United States District Court, M.D. Alabama, Northern Division

September 26, 2017

TERRY DON NORTHCUTT, Petitioner,
v.
UNITED STATES OF AMERICA, Respondent.

          MEMORANDUM OPINION AND ORDER

          W. KEITH WATKINS CHIEF UNITED STATES DISTRICT JUDGE

         I. INTRODUCTION

         In May 2013, Petitioner Terry Don Northcutt received a 180-month sentence under the Armed Career Criminal Act (“ACCA”), 18 U.S.C. § 924(e), on his guilty-plea conviction for being a felon in possession of a firearm, in violation of 18 U.S.C. § 922(g)(1). Northcutt's enhanced sentence under the ACCA was based upon three predicate violent felony convictions: (1) a 1972 Alabama conviction for second-degree burglary; (2) a 1976 Alabama conviction for assault with intent to murder; and (3) a 1985 Alabama conviction for first-degree assault.

         In April 2014, Northcutt filed a pro se 28 U.S.C. § 2255 motion, contending that his sentencing counsel was ineffective for conceding that his 1972 Alabama conviction for second-degree burglary under § 13A-7-6 of the Code of Alabama was a violent felony under the ACCA. The next year, in Johnson v. United States, 135 S.Ct. 2551 (2015), the Supreme Court held that the ACCA's residual clause is unconstitutionally vague. The Johnson Court reasoned: “[T]he indeterminacy of the wide-ranging inquiry required by the residual clause both denies fair notice to defendants and invites arbitrary enforcement by judges. Increasing a defendant's sentence under the clause denies due process of law.” Id. at 2557. Subsequently, in Welch v. United States, 136 S.Ct. 1257 (2016), the Supreme Court held that Johnson announced a new substantive rule of constitutional law that applies retroactively in cases on collateral review. After the Supreme Court decided Johnson and Welch, Northcutt was permitted to amend his § 2255 motion to add a claim that his sentence was improperly enhanced under the ACCA's residual clause (“Johnson claim”), and counsel was appointed. In his § 2255 motion, Northcutt argues that none of his prior convictions qualifies as a “violent felony” for purposes of the ACCA.
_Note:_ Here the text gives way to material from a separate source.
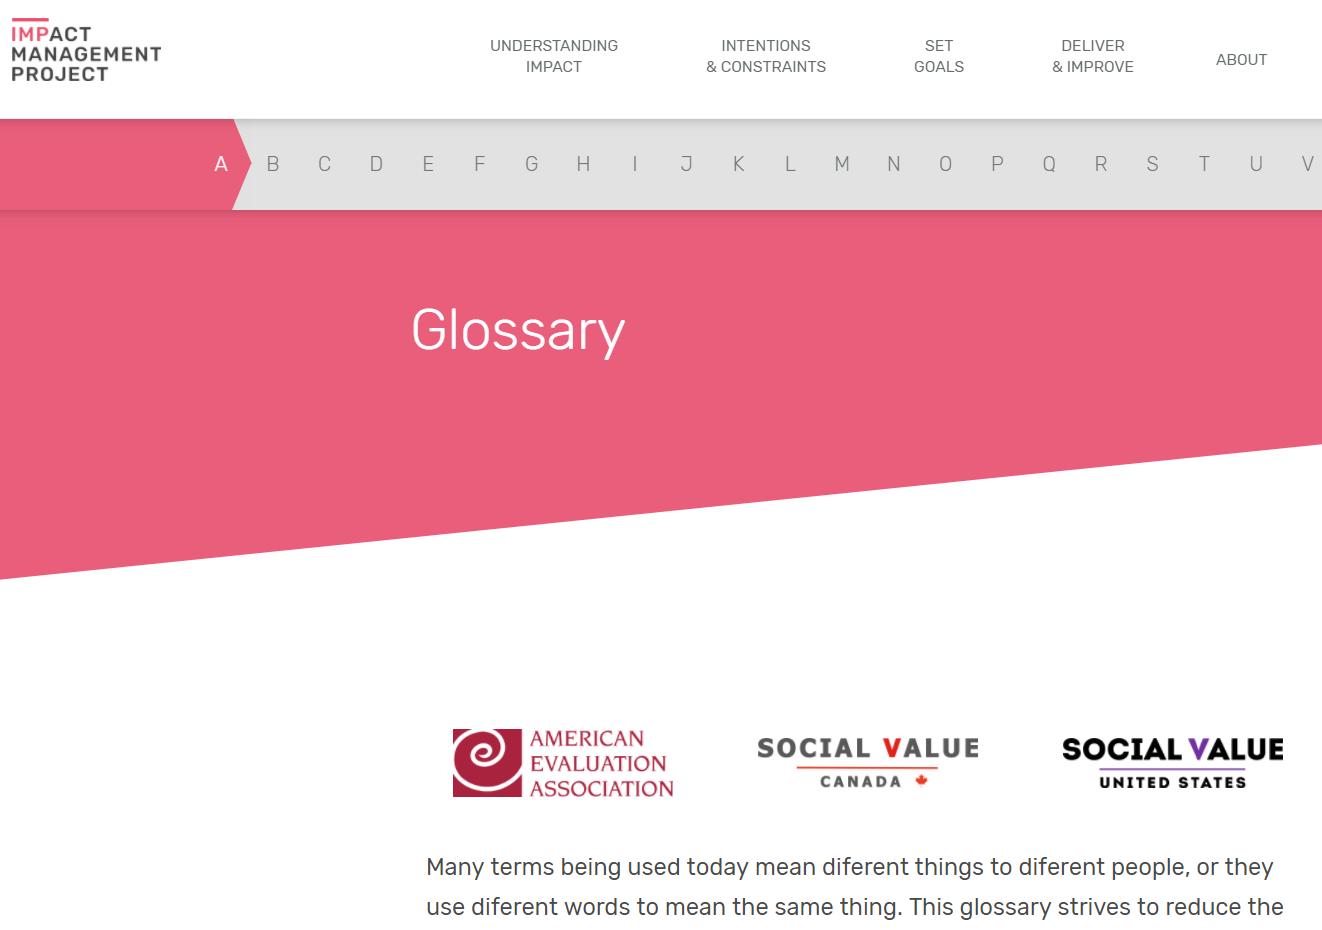 IMP Glossary Screenshot.png

         In a Recommendation, filed pursuant to 28 U.S.C. § 636(b), the Magistrate Judge finds that Northcutt's prior felony convictions qualify as violent felonies under the ACCA, notwithstanding Johnson's abolition of the ACCA's residual clause. He also concludes that Northcutt's sentencing counsel was not “ineffective for failing to challenge use of th[e 1972 Alabama second-degree burglary] conviction as an ACCA predicate conviction.” (Doc. # 33, at 17.) Accordingly, the Magistrate Judge recommends that Mr. Northcutt's § 2255 motion be denied.

         Northcutt filed objections to the Magistrate Judge's Recommendation. (Doc. # 39.) Based upon an independent and de novo review of those portions of the Recommendation to which objection is made, see 28 U.S.C. § 636(b), the Recommendation is due to be adopted and the objections are due to be overruled.[1]

         II. DISCUSSION

         Northcutt objects to the Recommendation's findings that his three prior convictions qualify as violent felonies under the ACCA and that his sentencing counsel was not ineffective for conceding that the ACCA applied to his 1972 Alabama conviction for second-degree burglary. The objections are addressed in turn.[2]

         A. 1972 Alabama Conviction for Second-Degree Burglary

         Northcutt argues that the Magistrate Judge incorrectly concludes that his 1972 Alabama conviction for second-degree burglary is a generic burglary and, thus, qualifies as a violent felony under the ACCA. Northcutt's corollary argument is that his counsel was ineffective for conceding the ACCA's applicability to this conviction. As explained, contrary to Northcutt's contentions, the Magistrate Judge's conclusions are well reasoned and correct.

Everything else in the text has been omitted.